Table 5 looks at how well the configurations can work with unseen data. It displays the average results from the test phase. PRA-UNet shows that it works well most of the time, with an average Dice of 95.71%, an Accuracy of 99.61%, and an IoU of 91.78%. Even though the training metrics show a small drop, this drop is not significant, which shows that PRA-UNet can effectively generalize real-world data. On the other hand, some configurations show much bigger drops, which shows that they are not as good at generalizing. This difference in performance shows how strong and useful PRA-UNet is in the clinic for accurately separating brain tumors.

Table 6 provides a deeper statistical exploration of the segmentation performance of all configurations by incorporating not only the Avg and σ, but also the SEM and CI95 and CI99. These metrics offer a more rigorous evaluation of result stability and the reliability of performance differences between models.

Overall, PRA-UNet shows the most minor variance, the lowest SEM, and the tightest confidence intervals among all configurations. These results indicate superior consistency across the five test runs, confirming the model’s robustness and its ability to maintain stable predictions even when exposed to variation in test data.

For the Dice, PRA-UNet achieves an average of 95.71 ± 0.14, with an extremely small SEM (0.0626) and very narrow confidence intervals (CI95 = 95.71 ± 0.122, CI99 = 95.71 ± 0.161).
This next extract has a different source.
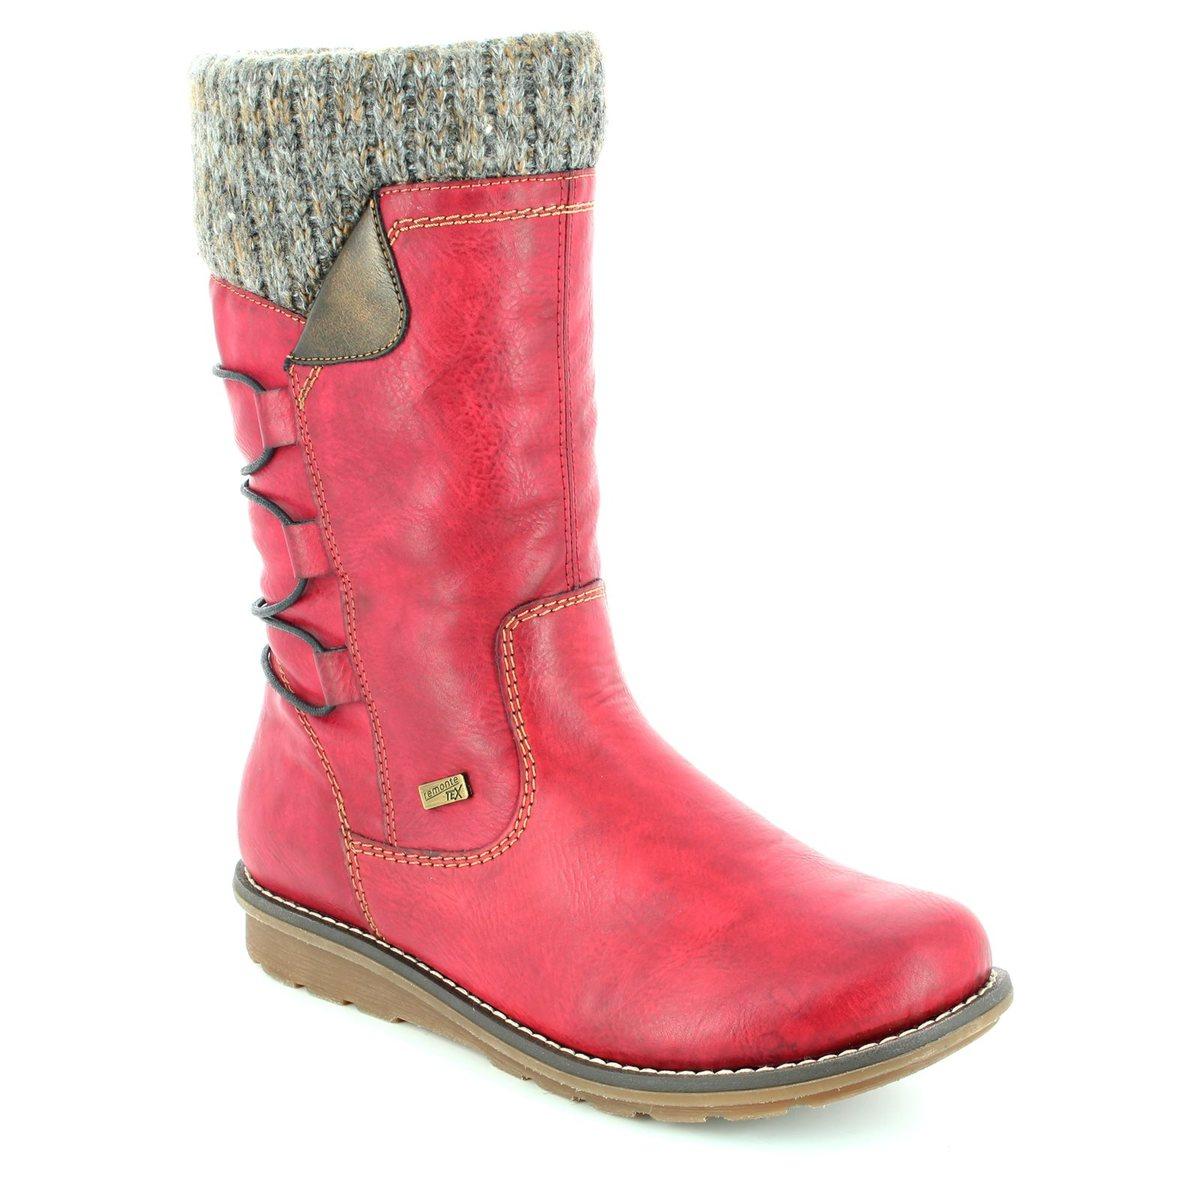 Remonte Boots Womens Remonte PvyeA9

These narrow intervals demonstrate that the differences between test folds are minimal and that the actual Dice performance of PRA-UNet almost certainly lies very close to the reported Avg.

In comparison, the other configurations (A–D) exhibit larger σ and wider CI ranges, indicating greater variability across test folds and thus lower statistical reliability. This variability shows that although some configurations achieve acceptable mean performance, they do not consistently maintain this behavior across different test splits.

A similar pattern appears for the IoU metric. PRA-UNet again displays the best stability, with an Avg IoU of 91.78 ± 0.26, an SEM of 0.116, and very compact confidence intervals (CI95 = 91.78 ± 0.227, CI99 = 91.78 ± 0.299). This statistical precision indicates a high level of repeatability in segmentation predictions, an essential requirement for real clinical deployment. Conversely, the IoU values for configurations A and D exhibit wider confidence intervals, indicating less predictable performance and greater sensitivity to data variation.

Taken together, the metrics in Table 6 confirm that PRA-UNet is not only superior in terms of average performance but also statistically more reliable and stable. Its consistently narrow CI ranges underline its strong generalization capability and reinforce its suitability for medical image segmentation tasks where precision and reliability are crucial.

Beyond quantitative metrics, qualitative assessment remains crucial for evaluating segmentation quality in clinical applications. Figure 9 presents a visual comparison of segmentation results, demonstrating that PRA-UNet achieves more accurate, refined tumor segmentation than other configurations. However, as shown in sample 5, all configurations, including our proposed approach, struggle with the segmentation of small tumors, highlighting an ongoing challenge in brain tumor segmentation.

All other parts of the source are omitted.